What are the main risks of SMSF property?
ASIC's Moneysmart flags several: higher loan costs and fees than ordinary mortgages; cash-flow pressure, because the fund must service the loan and expenses (and any pension payments) from its income and contributions; the arrangement is hard to unwind if structured incorrectly, and a forced sale can crystallise losses; you generally cannot make major alterations to a property while a loan is in place; and losses inside the fund cannot offset income you earn outside it. Property is also a single, illiquid, undiversified asset. Weigh these with a licensed adviser.
Is an SMSF the right way to invest in property?

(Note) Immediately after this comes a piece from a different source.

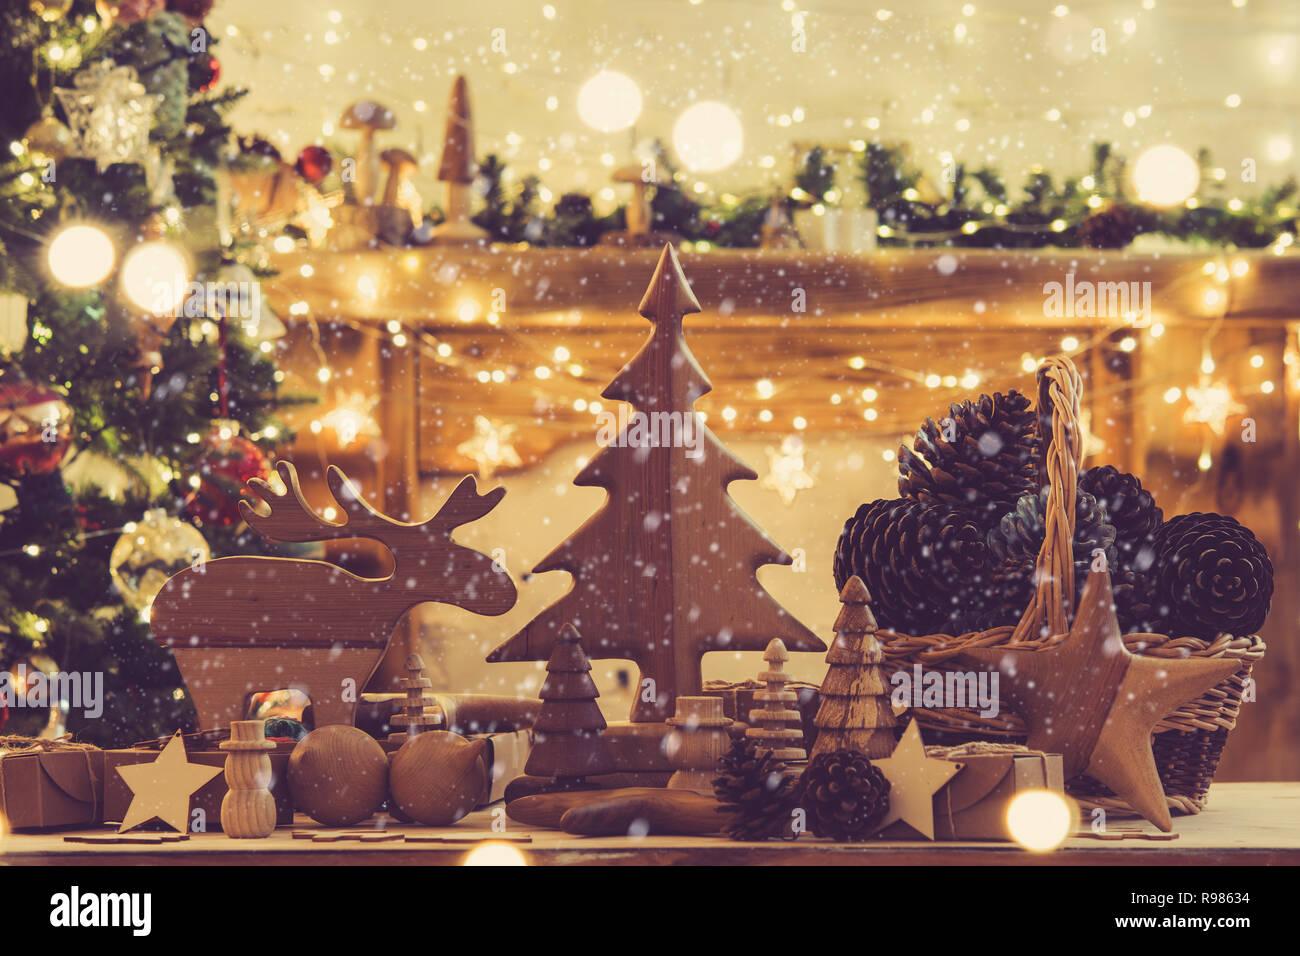 Christbaumkugeln Ornament.Gemütliches Wohnzimmer Holzspielzeug Figuren Sterne Elche Fell
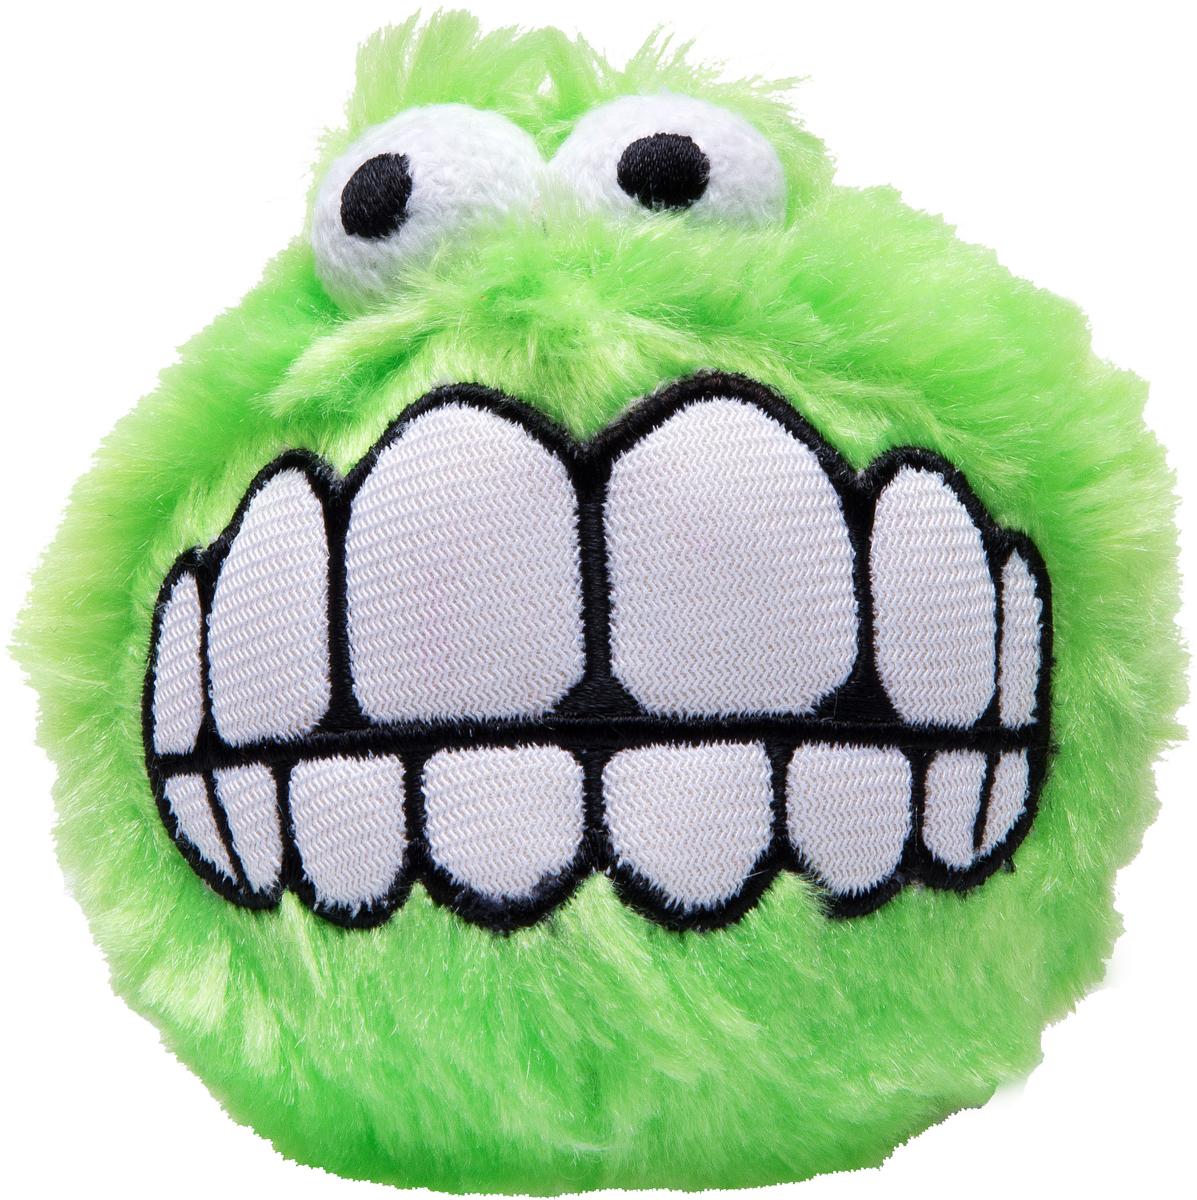 Игрушка для собак Rogz  Fluffy Grinz. Зубы , цвет: лайм, диаметр 6,4 см - Игрушки

It depends entirely on your circumstances - your super balance, your retirement timeline, your appetite for the compliance burden, and whether the numbers stack up after the higher costs. SMSF property suits some investors and is wrong for many others. This page is general information to help you ask better questions; it is not personal financial or tax advice. Speak to a licensed SMSF specialist or financial adviser, and your accountant, before setting up a fund or buying anything.
Sources
- ASIC Moneysmart - SMSFs and property
- Australian Taxation Office - How SMSFs are taxed and the LRBA guidance
- 2026 SMSF residential LRBA borrowing ban (legislated 25 June 2026), per industry analysis of the amending Act
This page is general information about SMSF property investment in Australia. It is not financial, superannuation, tax or legal advice, and it does not take account of your objectives or circumstances. SMSF rules are complex and change. Before setting up a fund, borrowing, or buying any property, get advice from a licensed SMSF specialist or financial adviser and your accountant.